MultiChannel-Aufnahme einer metallischen Oberfläche inkl. errechnetem Photometric-Stereo Bild

Die E-Mobilität voranbringen – auch dank Machine Vision

Viele Branchen und Unternehmen arbeiten daran, die E-Mobilität voranzubringen, denn es gibt verschiedene Stellschrauben, an denen gedreht werden muss. Eine davon ist die Produktion von Batterien für die E-Fahrzeuge. Insbesondere die Beschichtungsprozesse innerhalb der Elektrodenfertigung müssen genau überwacht werden, da diese Schritte entscheidend für die Zuverlässigkeit der späteren Batterien sind. Die dafür notwendigen sehr hohen Auflösungen führen dazu, dass wieder vermehrt Zeilenkameras zum Einsatz kommen.

Gerade hier kann MSTVision mit langjähriger Erfahrung unterstützen. Unsere etablierte MultiChannel-Technologie ermöglicht es, mit einer oder mehreren Zeilenkameras in einer einzigen Relativbewegung unterschiedliche Oberflächeneigenschaften zu erfassen, z.B. durch die Kombination von Hell- und Dunkelfeld, unterschiedlichen Wellenlängen oder Beleuchtungswinkeln. Die gewonnenen Bilder werden ohne zusätzliche CPU-Belastung im FPGA aufbereitet und können mit HALCON komfortabel und effizient weiterverarbeitet werden. Informationen aus verschiedenen Bildkanälen können ohne Kalibrierung miteinander verrechnet werden. Mit dieser Technik konnte das photometrische Stereoverfahren, auch Shape from Shading genannt, mit schnellen Zeilenkameras realisiert werden. Dieses Verfahren erlaubt die getrennte Auswertung der Helligkeit (Albedo) und der Topographie (Neigung oder Krümmung) jedes Bildpunktes. Die kontinuierliche Oberflächeninspektion ist technisch sehr komplex. Daher wurde der zugrundeliegende Algorithmus im FPGA des Framegrabbers, das ist eine elektronische Schaltung zum Digitalisieren analoger Bildsignale, implementiert. Da sich das Verfahren sowohl für sehr helle als auch sehr dunkle Oberflächen eignet, wird es häufig bei der Inspektion von Lithium-Ionen-Batteriefolien, Bipolarplatten für Brennstoffzellen und Leiterplatten für die Leistungselektronik eingesetzt.

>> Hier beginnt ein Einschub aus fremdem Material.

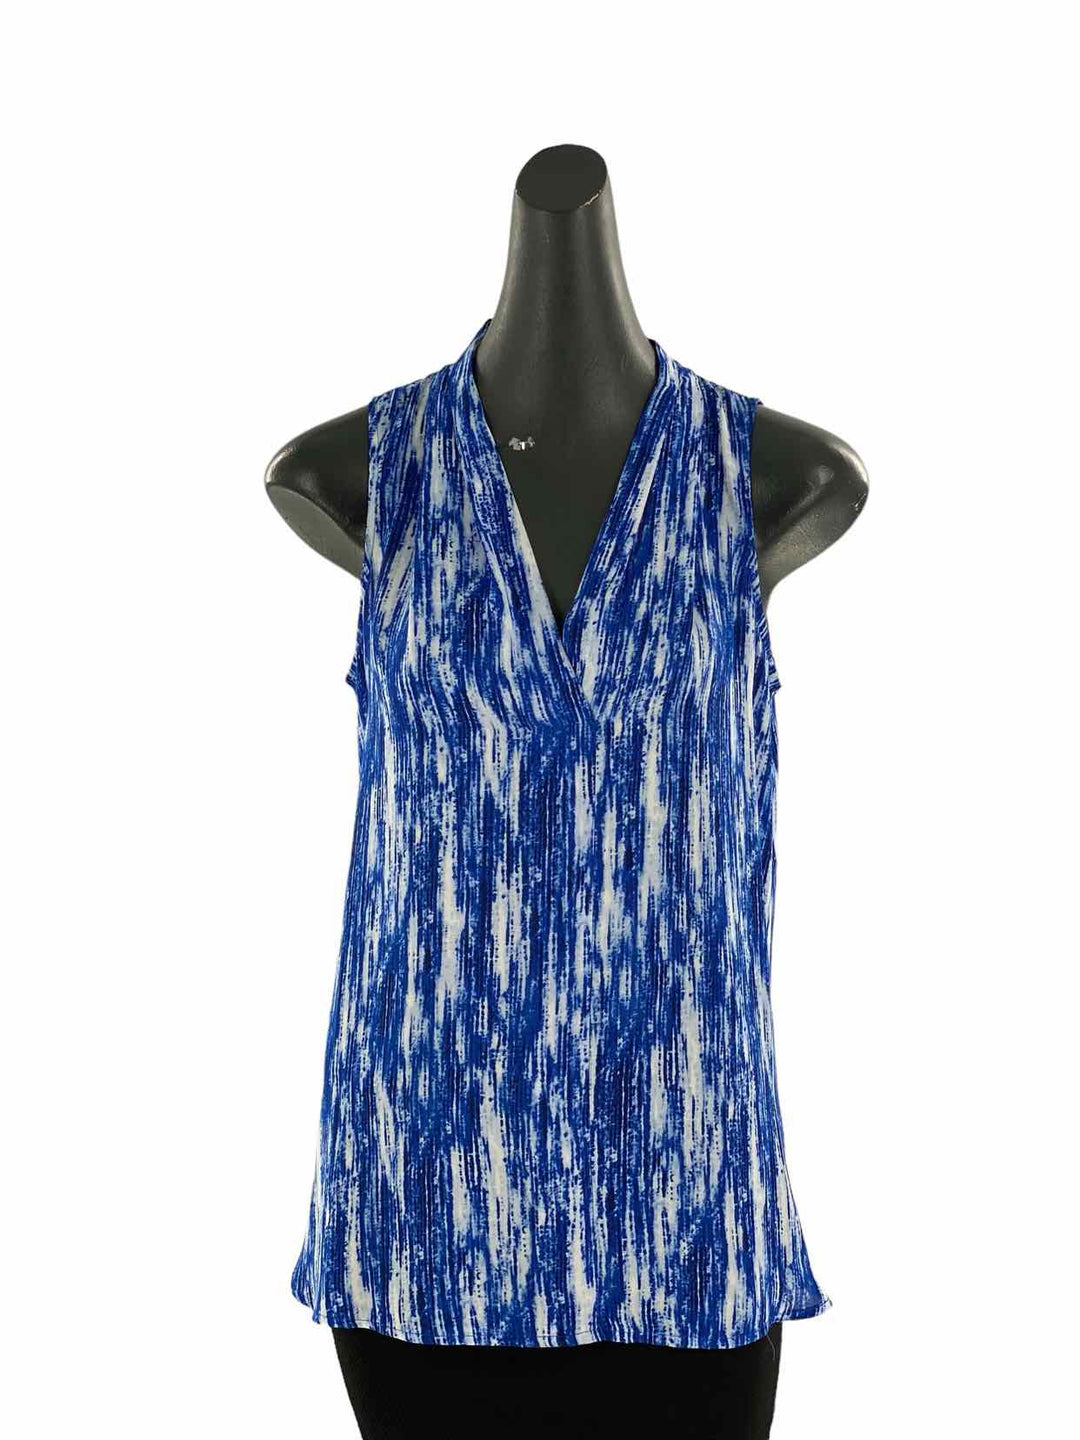 Vince Camuto Size S Blue White Streaks Tank Top

Applikationsspezifischer Aufbau zur Inspektion von Hochleistungselektronik

„Wie Hochgeschwindigkeits-Bildverarbeitung hilft, Plastikmüll zu vermeiden.“

Ein weiteres aktuelles Thema, das uns umtreibt, ist die Sortierung von Schüttgütern. Vor einigen Jahren wurden wir von einem Kunden beauftragt, eine veraltete Sortieranlage zu modernisieren, die sogenannte Stippen, das sind dunkle Flecken, in weißen und transparenten Kunststoffgranulaten erkennen soll. Die Schwierigkeit lag darin, die erforderlichen Leistungsdaten hinsichtlich optischer Auflösung, hoher Bandbreite und geringer Latenz zu erreichen. MSTVision entwickelte für diese Anwendung eine eigene Technologieplattform. Diese bestand aus Zeilenkameras, FPGA-Code und eigenen Elektronikboards zur zeitlich hochgenauen Ansteuerung von Schnellschaltventilen. Die Leistungsdaten der Implementierung sind beeindruckend: Die FPGA-basierte Lösung ist in der Lage, 2,4 GByte sowie mehr als eine Million Objekte pro Sekunde zu verarbeiten und gleichzeitig Reaktionszeiten von nur einer Millisekunde zu ermöglichen. Die Verbesserung der Sortier-Genauigkeit bei gleichzeitiger Erhöhung des Durchsatzes trägt erheblich dazu bei, weniger Kunststoff zu verschwenden. Auch die Einsatzmöglichkeiten sind vielfältig. Das neue System kann etwa für die Bereiche Recycling oder Lebensmittel eingesetzt werden. Dafür kann die Anwendung leicht um eine multispektrale Bilderfassung (VIS und SWIR) erweitert werden. Sogar photometrisches Stereo im freien Fall ist möglich. In Zukunft können auch vom Kunden entwickelte neuronale Netze (Deep Learning) eingebunden werden.